Understand that donors may express opinions about the subjects we cover. Don’t assent to those opinions or express your own.
These are nuanced lines to tread, and no NPR journalist should feel compelled to participate in meetings with prospective donors or foundations. Again, our sponsorship and development departments are there to support us in our service to the public, not vice versa. Part of the job of these departments is making our funders aware that we will be editorially blind to their support – that we’ll conduct our journalism with no favor or slight to them or their interests. They also vet potential supporters to make sure their interests don’t present an actual or apparent conflict with our mission.
We’ve often spoken of a “firewall” that separates NPR’s journalists from our funders. Properly understood, the firewall is a useful metaphor. In engineering, a firewall isn’t an impassable boundary, but rather a barrier designed to contain the spread of a dangerous or corrupting force. Similarly, the purpose of our firewall is to hold in check the influence our funders have over our journalism.
If the [business and editorial] sides of a news-providing organization are really working at cross purposes, the journalism tends to be on the side that is corrupted.
- Bill Kovach and Tom Rosenstiel, The Elements of Journalism
Our journalism is made possible by a diverse coalition of funding sources, including donations from members of the public, grants from foundations and government agencies, and paid sponsorships and underwriting. While we value all who support our work, those who fund us do so in the knowledge that our journalism serves only the public. We believe our strength as a business is premised solely on high-quality, independent journalism in the public interest. All NPR employees – journalists as well as sponsorship, communications and development staff – are committed first and foremost to that service.
At NPR, the journalists – including senior news managers – have full and final authority over all journalistic decisions. We work with all other divisions of the company towards the goal of supporting and protecting our journalism. This means we communicate with our sponsorship and development departments to identify areas where we hope to expand our reporting. It also means we may take part in promotional activities or events such as coordinated fund drives, listener support spots and public radio audience-building initiatives.

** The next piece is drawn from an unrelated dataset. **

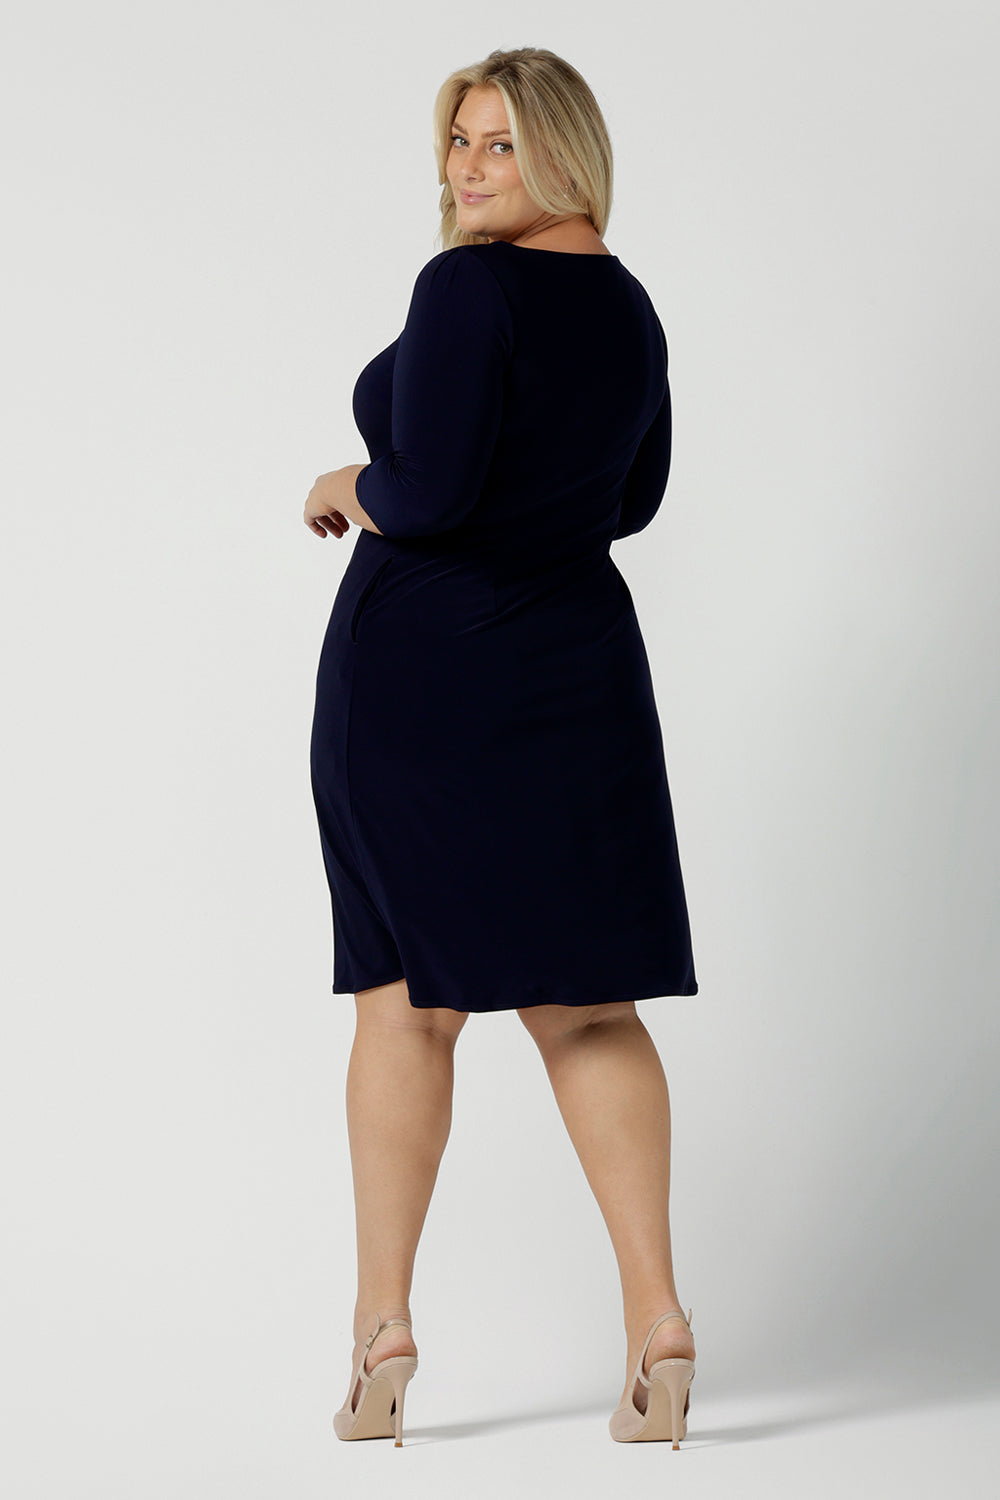 Back view of a size 18 woman wears the Audrey Shift Dress in Navy is the perfect all season shift dress. Soft jersey fabric, 3/4 sleeves and pockets. Made in Australia for women size 8 - 24.

But we observe a clear boundary line: NPR journalists interact with funders only to further our editorial goals, not to serve the agendas of those who support us.
Owning our news agenda
NPR journalists do not put their heads in the sand when good stories appear elsewhere. By the same token, we shouldn’t be in the regular business of adopting other news organizations’ assumptions about what’s important in framing two-ways, shaping reporter assignments or bringing in commentaries.

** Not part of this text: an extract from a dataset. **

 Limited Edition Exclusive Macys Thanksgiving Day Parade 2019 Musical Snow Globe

(Source: Managing editor’s note to staff, 1996.)
It’s important to keep in mind that the terms of service of a social media site apply to what we post there and to the information we gather from it. Also: The terms might allow for our material to be used in a different way than intended. Additionally, law enforcement officials may be able to obtain our reporting on these sites by subpoena without our consent — or perhaps even our knowledge. Social media is a vital reporting resource for us, but we must be vigilant about keeping work that may be sensitive in our own hands.
Our notes, audio and working materials from our journalistic work belong to NPR. We won’t turn them over to government officials or parties involved in or considering litigation, nor will we provide information we’ve observed in the course of conducting journalism. If such materials or information are requested pursuant to governmental, administrative or other legal process, immediately consult your supervisor and the legal department.

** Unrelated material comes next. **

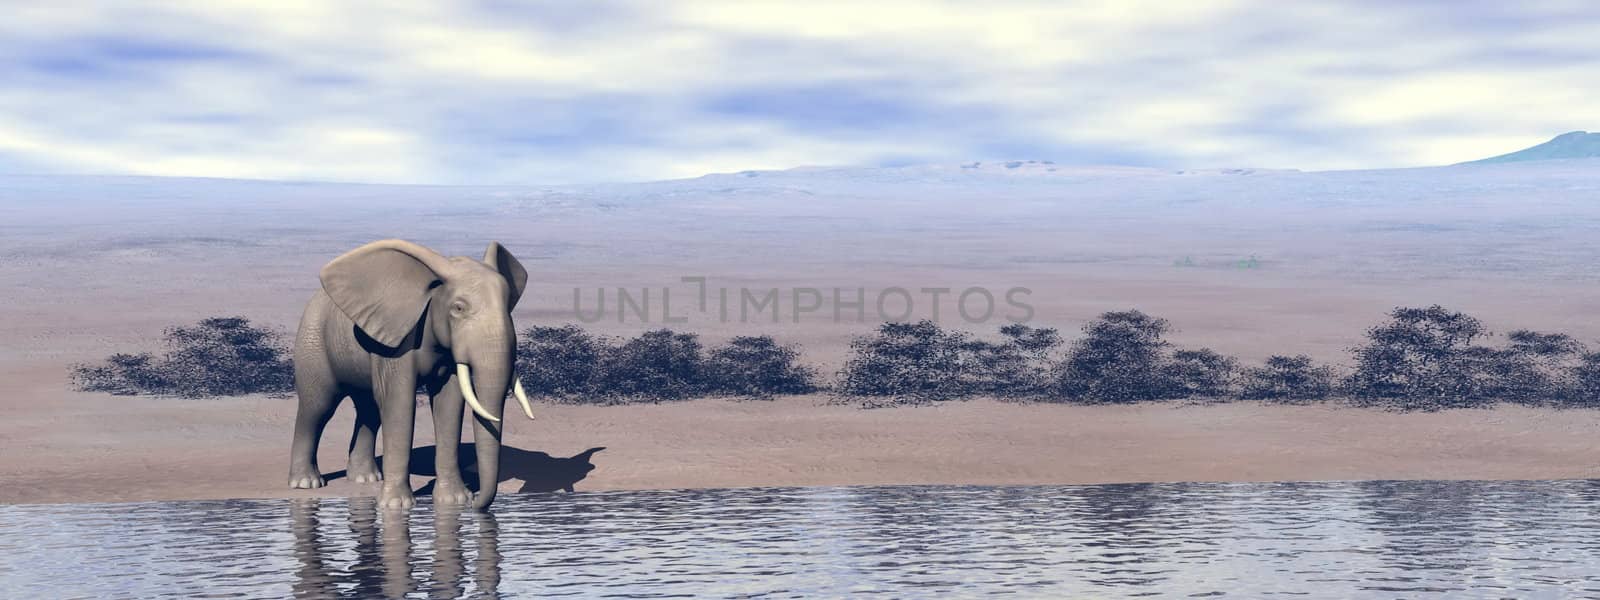 Elephant at the water - 3D render by Elenaphotos21

We must take into account that press releases and other handout materials (such as images) from organizations we cover are usually delivered with the intent of portraying the subject in the best possible light. We don’t publish staged photos unless there’s a compelling news reason for doing so. If there is, we disclose this fact to the audience.
We avoid non-disclosure agreements — contracts that would require us to withhold certain information — except in rare circumstances and with the approval of the appropriate senior manager (email Ethics). And as with any written agreement, we send non-disclosure agreements to our legal team for review (look for LegalAlert in the NPR internal email address book) before we sign them.
We, like other major news outlets, do often agree to “embargoes” on news. In such cases the information is not to be reported until an agreed-upon time in the near future. We reserve the right, however, to report the news if the embargo has been “broken” by another news outlet or if because of some development we judge that the public’s interest would best be served by disclosing the information now instead of later.
For purposes of accuracy and fairness, there are times when we may want to review portions of a script with a source or read back a quotation to ensure we captured it correctly. We may also play audio or read transcripts of an interview to a third party if the purpose is to get that party’s reaction to what another person has said. Otherwise, however, the public is the first audience for our work — we don’t preview scripts or stories in advance of their broadcast or posting with sources, subjects of coverage or other parties outside NPR.
NPR greatly appreciates the financial support it receives from individuals, from foundations and from corporations. Their support is essential. At the same time, NPR makes its own decisions about what stories to cover and how to report them. Neither the people and organizations who support NPR financially, the sources we come in contact with, our competitors nor any others outside NPR’s newsroom dictate our thinking.
Update on April 14, 2015: Morning Edition Book Club guidelines.
NPR has issued guidelines that address how the club’s editorial process will be insulated from NPR fundraising “by maintaining a strict firewall between the two activities.” The guidelines are posted here.
We don’t allow sources to dictate how a topic will be covered, or which other voices or ideas will be included in the stories we do. Nor do we pay for information from sources or newsmakers.
We avoid submitting questions to anyone in advance unless a senior news manager approves doing so after extensive discussion about why it may be necessary. This sometimes comes up when we are seeking interviews with foreign leaders. And parties in complicated legal cases may insist on having questions submitted in writing in order to give them a chance to gather all relevant documents. If questions are submitted in advance, this will be disclosed in our coverage.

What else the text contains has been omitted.